→ What is required
Copy verbatim the block of lines in the entries below whose first line contains "Кресло СитиИнтерьерные кресла<br>Изделие" and whose last line contains "Sondage: les Bitcoiners". Leave out all other lines.

[Data entries]
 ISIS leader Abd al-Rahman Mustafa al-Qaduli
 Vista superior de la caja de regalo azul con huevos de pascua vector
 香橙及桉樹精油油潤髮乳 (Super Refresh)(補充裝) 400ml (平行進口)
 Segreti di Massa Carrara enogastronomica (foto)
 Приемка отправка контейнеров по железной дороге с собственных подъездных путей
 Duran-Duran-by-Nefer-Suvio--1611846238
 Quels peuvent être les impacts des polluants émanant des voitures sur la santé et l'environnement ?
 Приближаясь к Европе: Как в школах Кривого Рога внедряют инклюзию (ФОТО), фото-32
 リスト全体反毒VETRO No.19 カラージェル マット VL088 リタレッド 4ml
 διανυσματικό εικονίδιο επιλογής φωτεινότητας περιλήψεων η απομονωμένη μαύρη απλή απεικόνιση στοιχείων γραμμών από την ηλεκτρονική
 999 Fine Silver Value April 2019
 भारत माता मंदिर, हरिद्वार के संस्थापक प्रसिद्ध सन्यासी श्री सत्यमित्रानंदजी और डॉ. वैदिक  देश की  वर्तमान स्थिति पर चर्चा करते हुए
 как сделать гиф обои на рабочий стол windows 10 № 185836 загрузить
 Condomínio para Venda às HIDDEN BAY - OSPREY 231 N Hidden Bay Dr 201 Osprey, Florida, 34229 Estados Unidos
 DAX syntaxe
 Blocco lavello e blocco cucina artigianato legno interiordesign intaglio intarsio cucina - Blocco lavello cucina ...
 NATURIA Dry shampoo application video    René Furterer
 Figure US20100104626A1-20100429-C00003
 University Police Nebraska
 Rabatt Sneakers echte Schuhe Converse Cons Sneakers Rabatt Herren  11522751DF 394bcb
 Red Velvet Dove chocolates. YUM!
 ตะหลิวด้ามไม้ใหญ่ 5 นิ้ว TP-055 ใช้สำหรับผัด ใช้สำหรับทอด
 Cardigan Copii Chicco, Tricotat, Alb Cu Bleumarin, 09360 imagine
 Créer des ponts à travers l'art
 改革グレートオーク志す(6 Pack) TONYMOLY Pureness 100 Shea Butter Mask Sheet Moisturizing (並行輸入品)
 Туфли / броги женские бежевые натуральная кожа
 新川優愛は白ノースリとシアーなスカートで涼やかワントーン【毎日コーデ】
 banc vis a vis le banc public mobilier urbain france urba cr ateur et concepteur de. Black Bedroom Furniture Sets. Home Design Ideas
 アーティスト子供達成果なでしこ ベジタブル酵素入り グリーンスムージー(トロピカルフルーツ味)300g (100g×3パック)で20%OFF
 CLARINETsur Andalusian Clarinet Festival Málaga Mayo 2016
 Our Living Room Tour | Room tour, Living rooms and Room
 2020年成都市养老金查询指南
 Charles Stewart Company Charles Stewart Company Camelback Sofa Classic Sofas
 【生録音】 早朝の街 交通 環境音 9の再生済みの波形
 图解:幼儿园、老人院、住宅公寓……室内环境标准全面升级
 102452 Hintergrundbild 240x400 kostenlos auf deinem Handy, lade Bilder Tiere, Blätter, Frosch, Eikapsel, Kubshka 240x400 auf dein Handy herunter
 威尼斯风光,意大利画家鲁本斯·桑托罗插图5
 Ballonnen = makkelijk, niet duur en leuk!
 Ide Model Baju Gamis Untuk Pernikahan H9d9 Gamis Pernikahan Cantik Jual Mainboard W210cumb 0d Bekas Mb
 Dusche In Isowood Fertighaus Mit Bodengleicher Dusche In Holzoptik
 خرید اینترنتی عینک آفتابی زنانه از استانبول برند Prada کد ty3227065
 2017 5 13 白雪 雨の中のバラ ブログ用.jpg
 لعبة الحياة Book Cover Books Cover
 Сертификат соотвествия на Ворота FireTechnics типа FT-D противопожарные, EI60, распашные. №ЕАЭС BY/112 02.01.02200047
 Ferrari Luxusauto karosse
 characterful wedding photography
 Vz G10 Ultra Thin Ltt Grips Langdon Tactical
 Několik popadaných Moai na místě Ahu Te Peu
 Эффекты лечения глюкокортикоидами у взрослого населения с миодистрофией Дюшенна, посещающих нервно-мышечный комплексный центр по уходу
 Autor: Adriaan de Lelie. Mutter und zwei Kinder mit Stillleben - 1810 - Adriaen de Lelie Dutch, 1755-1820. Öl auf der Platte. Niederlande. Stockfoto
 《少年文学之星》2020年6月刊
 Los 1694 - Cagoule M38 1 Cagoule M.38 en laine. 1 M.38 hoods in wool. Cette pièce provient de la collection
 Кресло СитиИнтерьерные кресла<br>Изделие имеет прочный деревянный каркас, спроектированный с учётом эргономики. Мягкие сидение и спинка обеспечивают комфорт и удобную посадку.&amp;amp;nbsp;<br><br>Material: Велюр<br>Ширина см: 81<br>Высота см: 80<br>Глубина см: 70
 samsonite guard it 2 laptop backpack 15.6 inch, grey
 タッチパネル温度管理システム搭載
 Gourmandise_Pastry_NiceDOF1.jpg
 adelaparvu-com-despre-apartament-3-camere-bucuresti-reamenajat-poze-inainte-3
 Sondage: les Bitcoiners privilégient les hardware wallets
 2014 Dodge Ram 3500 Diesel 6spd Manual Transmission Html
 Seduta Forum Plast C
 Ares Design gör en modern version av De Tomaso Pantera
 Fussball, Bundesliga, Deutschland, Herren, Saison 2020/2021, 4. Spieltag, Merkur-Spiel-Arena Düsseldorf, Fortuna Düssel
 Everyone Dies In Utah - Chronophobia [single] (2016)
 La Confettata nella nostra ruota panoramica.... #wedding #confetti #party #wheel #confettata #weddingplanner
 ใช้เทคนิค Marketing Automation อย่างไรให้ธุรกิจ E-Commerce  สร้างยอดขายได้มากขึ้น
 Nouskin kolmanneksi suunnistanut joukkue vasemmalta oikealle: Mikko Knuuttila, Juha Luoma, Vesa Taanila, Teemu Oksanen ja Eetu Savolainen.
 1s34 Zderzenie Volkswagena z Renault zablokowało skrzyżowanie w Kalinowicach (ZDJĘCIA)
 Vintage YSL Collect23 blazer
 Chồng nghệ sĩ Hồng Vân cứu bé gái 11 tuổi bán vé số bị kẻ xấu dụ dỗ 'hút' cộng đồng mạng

→ Answer box
 Кресло СитиИнтерьерные кресла<br>Изделие имеет прочный деревянный каркас, спроектированный с учётом эргономики. Мягкие сидение и спинка обеспечивают комфорт и удобную посадку.&amp;amp;nbsp;<br><br>Material: Велюр<br>Ширина см: 81<br>Высота см: 80<br>Глубина см: 70
 samsonite guard it 2 laptop backpack 15.6 inch, grey
 タッチパネル温度管理システム搭載
 Gourmandise_Pastry_NiceDOF1.jpg
 adelaparvu-com-despre-apartament-3-camere-bucuresti-reamenajat-poze-inainte-3
 Sondage: les Bitcoiners privilégient les hardware wallets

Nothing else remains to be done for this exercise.